Смутно помнится после ужасов Кукуевки все то, что в другое время не забылось бы. Единственное, что поразило меня навеки вечные, так этот столетний сад, какого я ни до, ни после никогда и нигде не видел, какого я и представить себе не мог. Одно можно сказать: если Тургенев, описывая природу русских усадеб, был в этом неподражаемо велик- так это благодаря этому саду, в котором он вырос и которым он весь проникся.

За вечерним чаем я поблагодарил хозяев и стал прощаться, но Яков Петрович и Жозефина Антоновна и слышать об этом не хотели:

- Поживите у нас, отдохните.

Единственно, что я мог выговорить- это отпустить меня на рассвете.
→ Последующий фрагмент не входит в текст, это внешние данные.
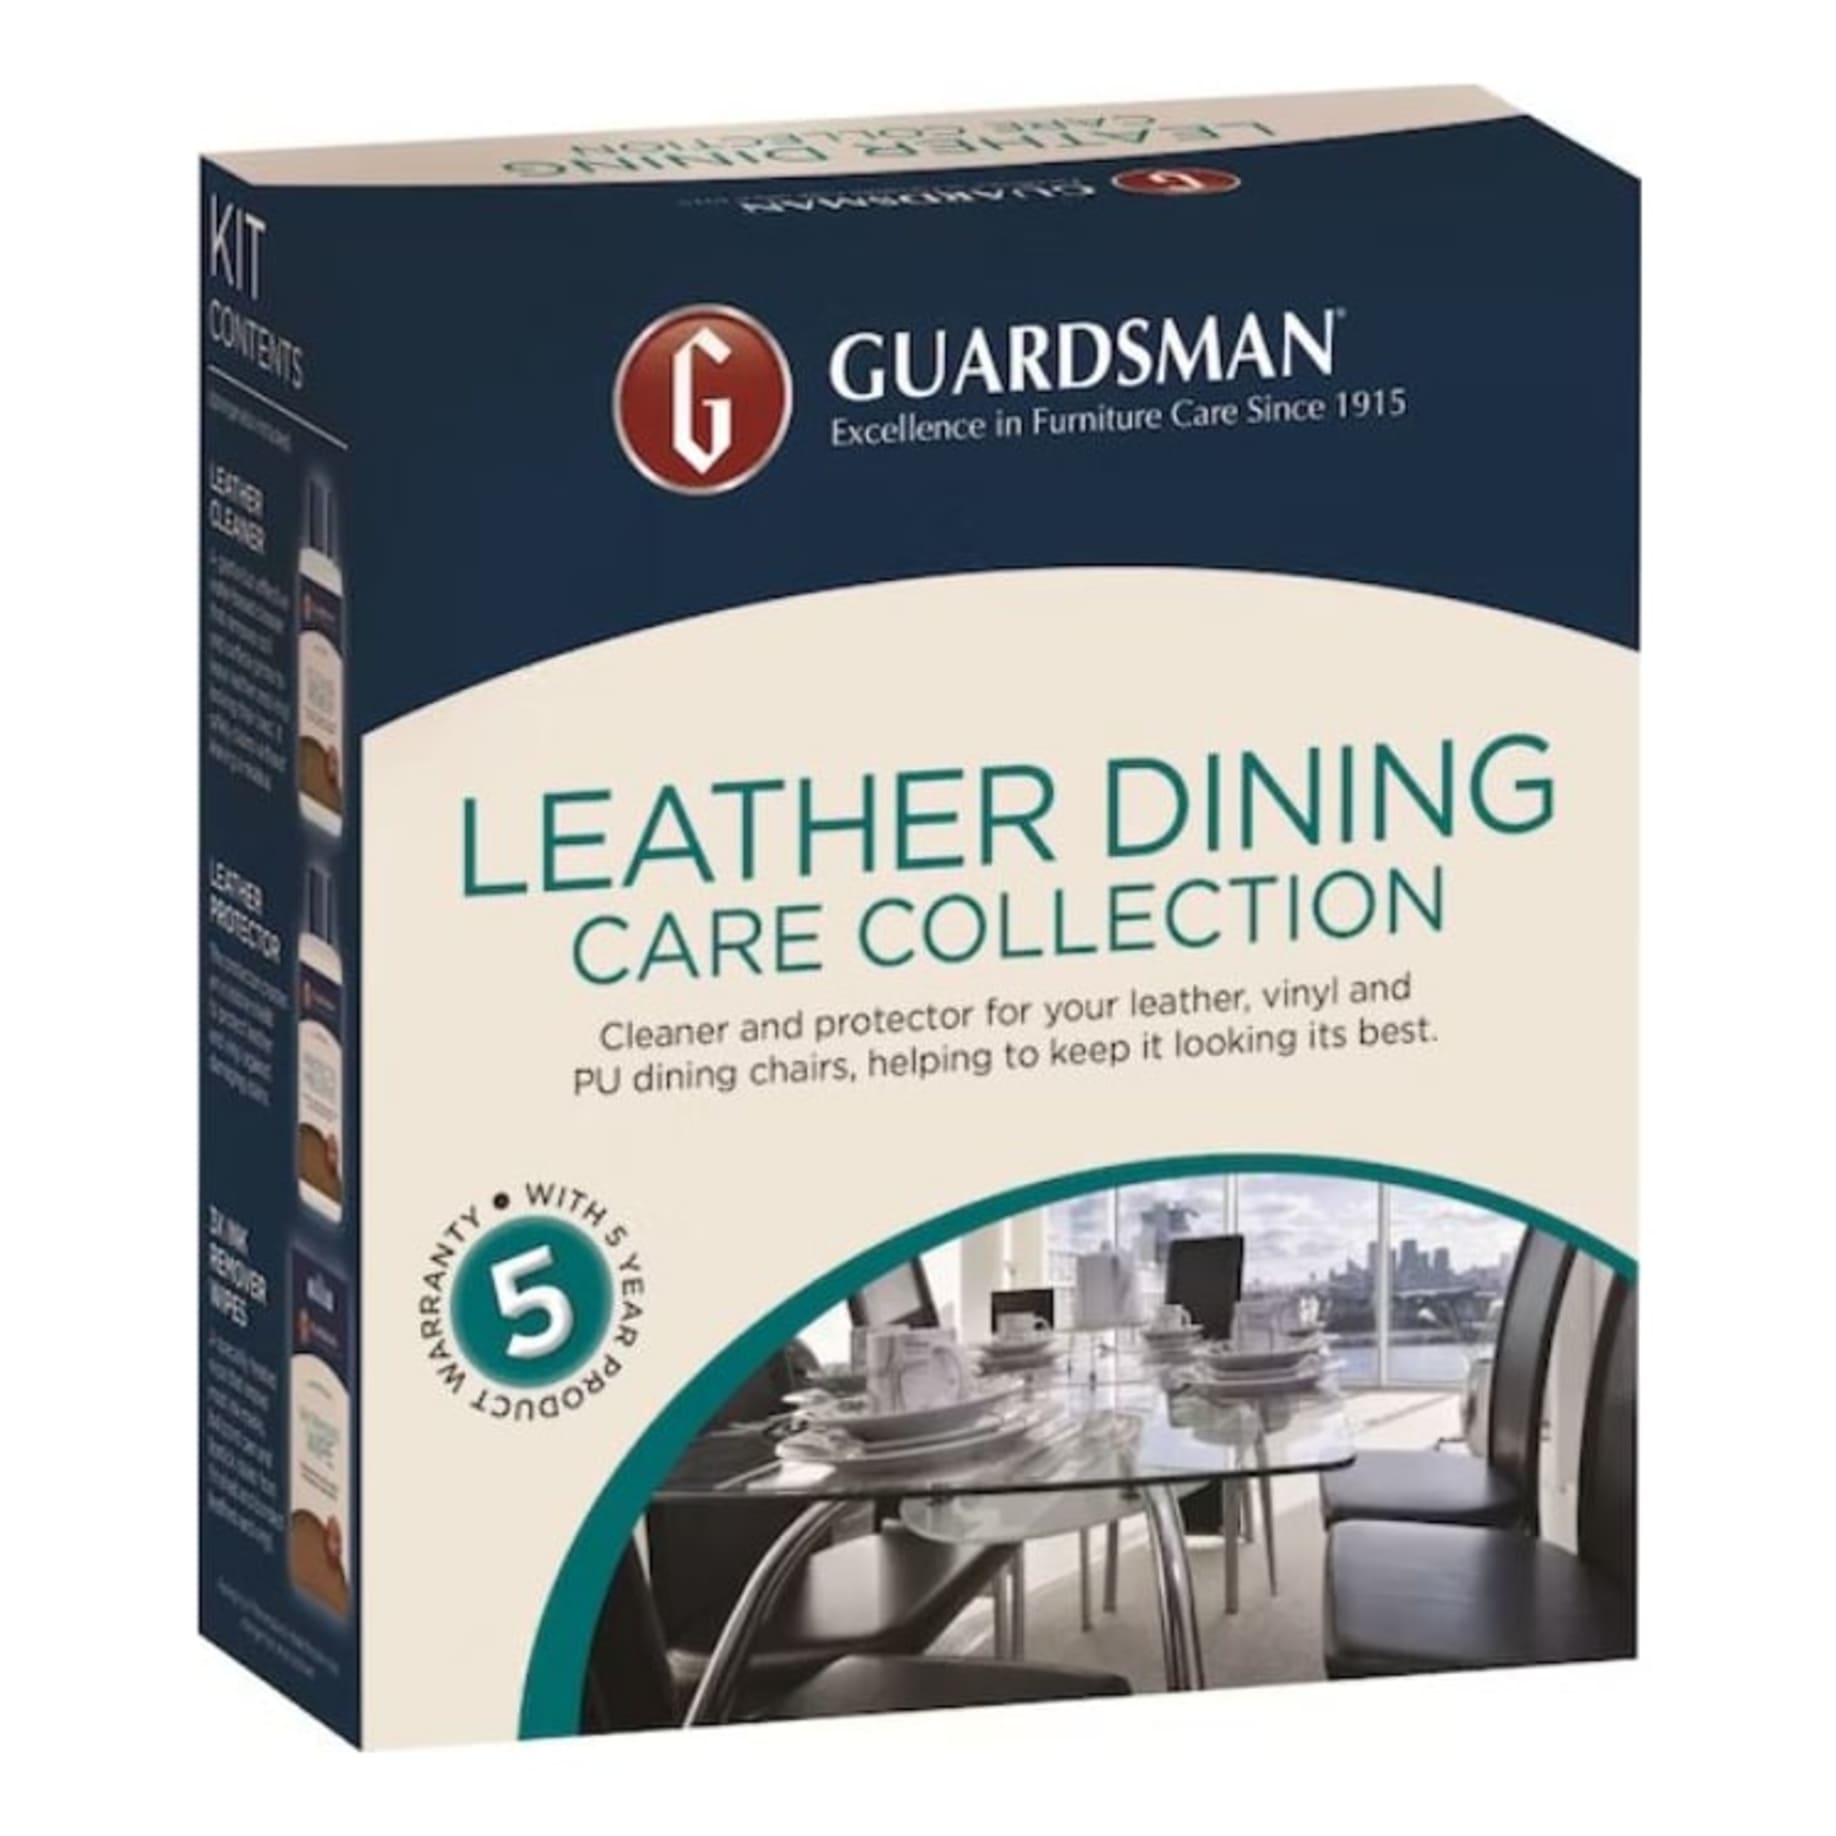 Guardsman Timber/Leather Dining Warranty

После ужина меня уложили в маленькой гостиной с дверью на садовую

террасу, с кожаной мебелью красного дерева, инкрустированной бронзой. Постель мне была постлана на широчайшем мягком диване "Самосоне", описанном Тургеневым в "Накануне".

А над "Самосоном" висел большой портрет отца Тургенева.

С восходом солнца я навсегда покинул Спасское-Лутовиново.

Впоследствии я бывал на "пятницах" Полонского в Петербурге и года через три, когда я уже был женат и жил на Мясницкой, в гостинице "Рояль", возвращаясь домой с женой к обеду, я получил от швейцара карточку "Яков Петрович Полонский".

И швейцар сказал, что приходил старик на костылях и очень жалел, что не застал меня.

Спустя несколько лет я хоронил Я. П. Полонского, командированный "Русскими ведомостями" в Рязань.

* * *

В те времена, когда Лентовский блистал своим Эрмитажем на Самотеке, в Каретном ряду, где теперь сад и театр Эрмитаж, существовала, как значилось в "Полицейских ведомостях":

"Свалка чистого снега на пустопорожней земле Мошнина".

Зимой сюда свозили со дворов и улиц "чистый", цвета халвы, снег, тут же он таял, и все это, изрытое ямами и оврагами пустопорожнее место покрывалось мусором, среди которого густо росли бурьян, чертополох и лопухи и паслись козы.

Публика узнала о существовании этого места из афиш в сентябре 1882 года, объявивших, что "воздухоплаватель Берт сегодня 3 сентября в 7 часов вечера совершит полет на воздушном шаре с пустопорожнего места Мошнина в Каретном ряду. За вход 30 копеек,

сидячее место - 1 рубль".

Разгородили в двух местах забор, поставили в проходе билетные кассы и контроль; полезла публика и сплошь забила пустырь, разгороженный канатами, и "сидячие рублевые места", над которыми колыхался небольшой серый шар, наполненный гретым воздухом.

Я был командирован редакцией описать полет. Был серый ветреный вечер. - Пузырь полетит… - волновалась серая Москва, глядя на скверный

аэростат из серой материи, покачивавшийся на ветру.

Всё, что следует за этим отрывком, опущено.